Sonaba lógico. Gerundio, artículo, sustantivo. Delante de él había una maleta, importante confirmación. No se había traicionado en nada.
Pero Enid acababa de hablar otra vez. Según el otorrino, Alfred padecía un leve problema de audición. Se quedó mirando a Enid con el ceño fruncido, sin entenderla.
—¡Es
jueves
!—dijo ella, levantando la voz—. ¡No salimos hasta el
sábado!
—El sábado —repitió él.
Luego, ella le echó una regañina y se retiraron por un momento los pájaros crepusculares.
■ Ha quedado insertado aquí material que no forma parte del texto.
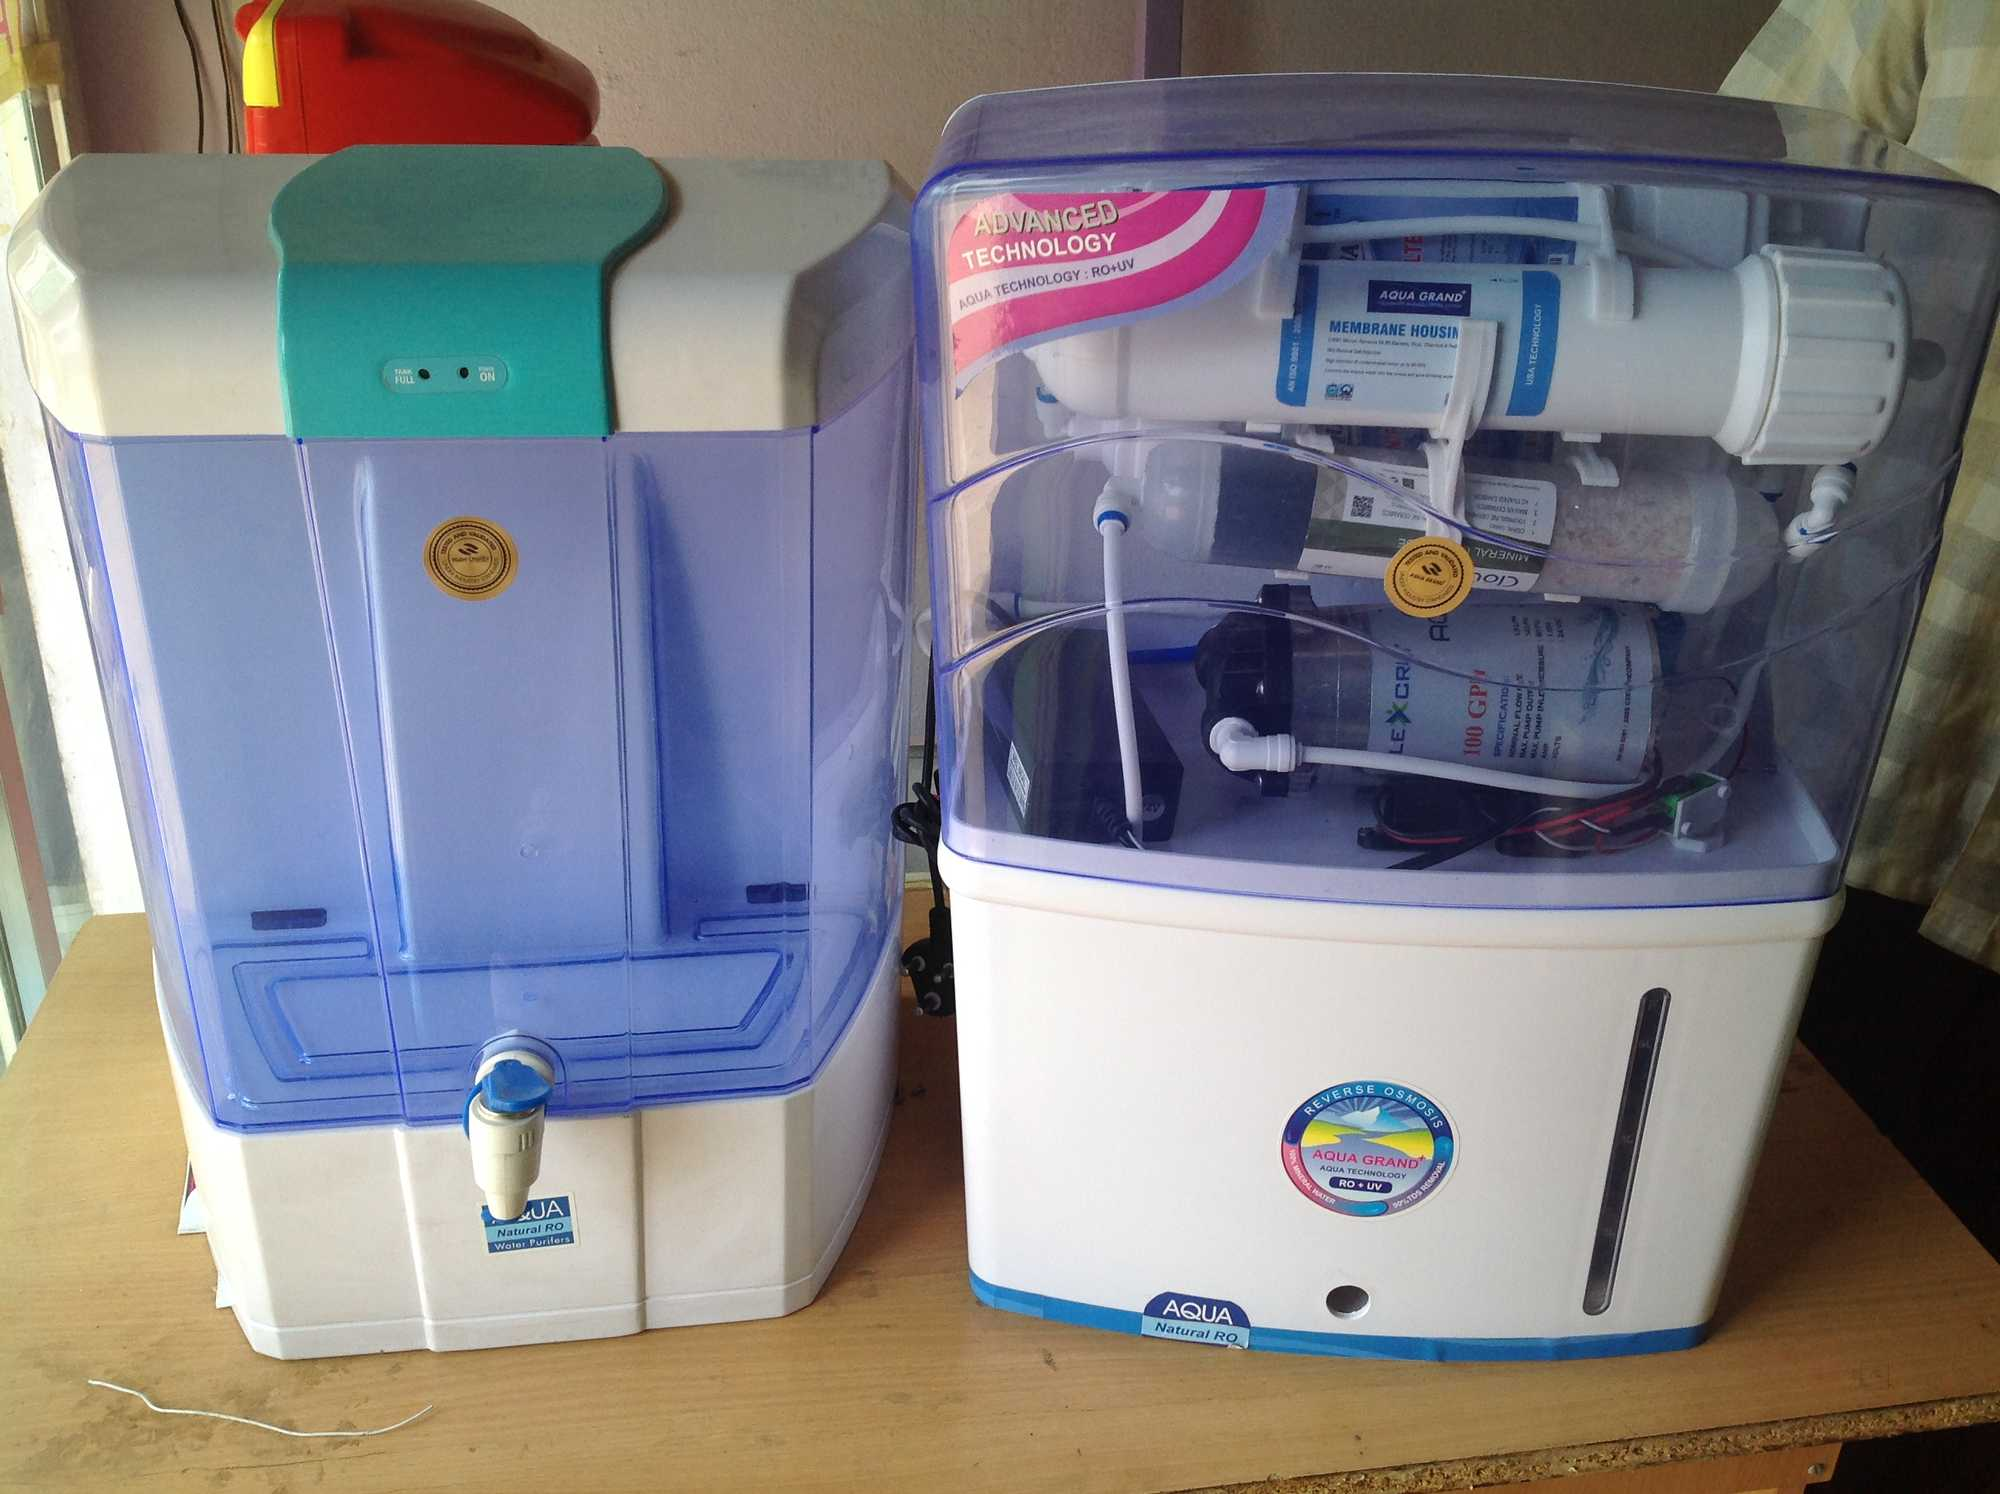 9a6a4e765a Aquaguard Ro Water Purifier Repair & Services in Kamala Nagar, Hyderabad

Fuera, sin embargo, el viento había logrado que el sol se desvaneciese, y empezaba a hacer muchísimo frío.
Avanzaban por la sala central con paso inseguro, Enid procurando no dañarse la cadera lesionada, Alfred remando en el aire con esas manos suyas de goznes sueltos y pateando la moqueta del aeropuerto con su pies mal controlados; ambos con bolsas de mano de las Nordic Pleasurelines y concentrados en la parte del suelo que tenían delante, midiendo la azarosa distancia de tres en tres pasos. Cualquiera que los hubiese visto apartar los ojos de los neoyorquinos de pelo oscuro que los adelantaban a toda prisa, cualquiera que se hubiera fijado por un momento en el sombrero de fieltro de Alfred, que asomaba a la misma altura que el maíz de Iowa en el Día del Trabajo, o en los pantalones de lana amarilla que cubrían la cadera dislocada de Enid, se habría percatado inmediatamente de que venían del Medio Oeste y de que estaban intimidados. Para Chip Lambert, que los esperaba al otro lado de los controles de seguridad, eran, sin embargo, un par de asesinos.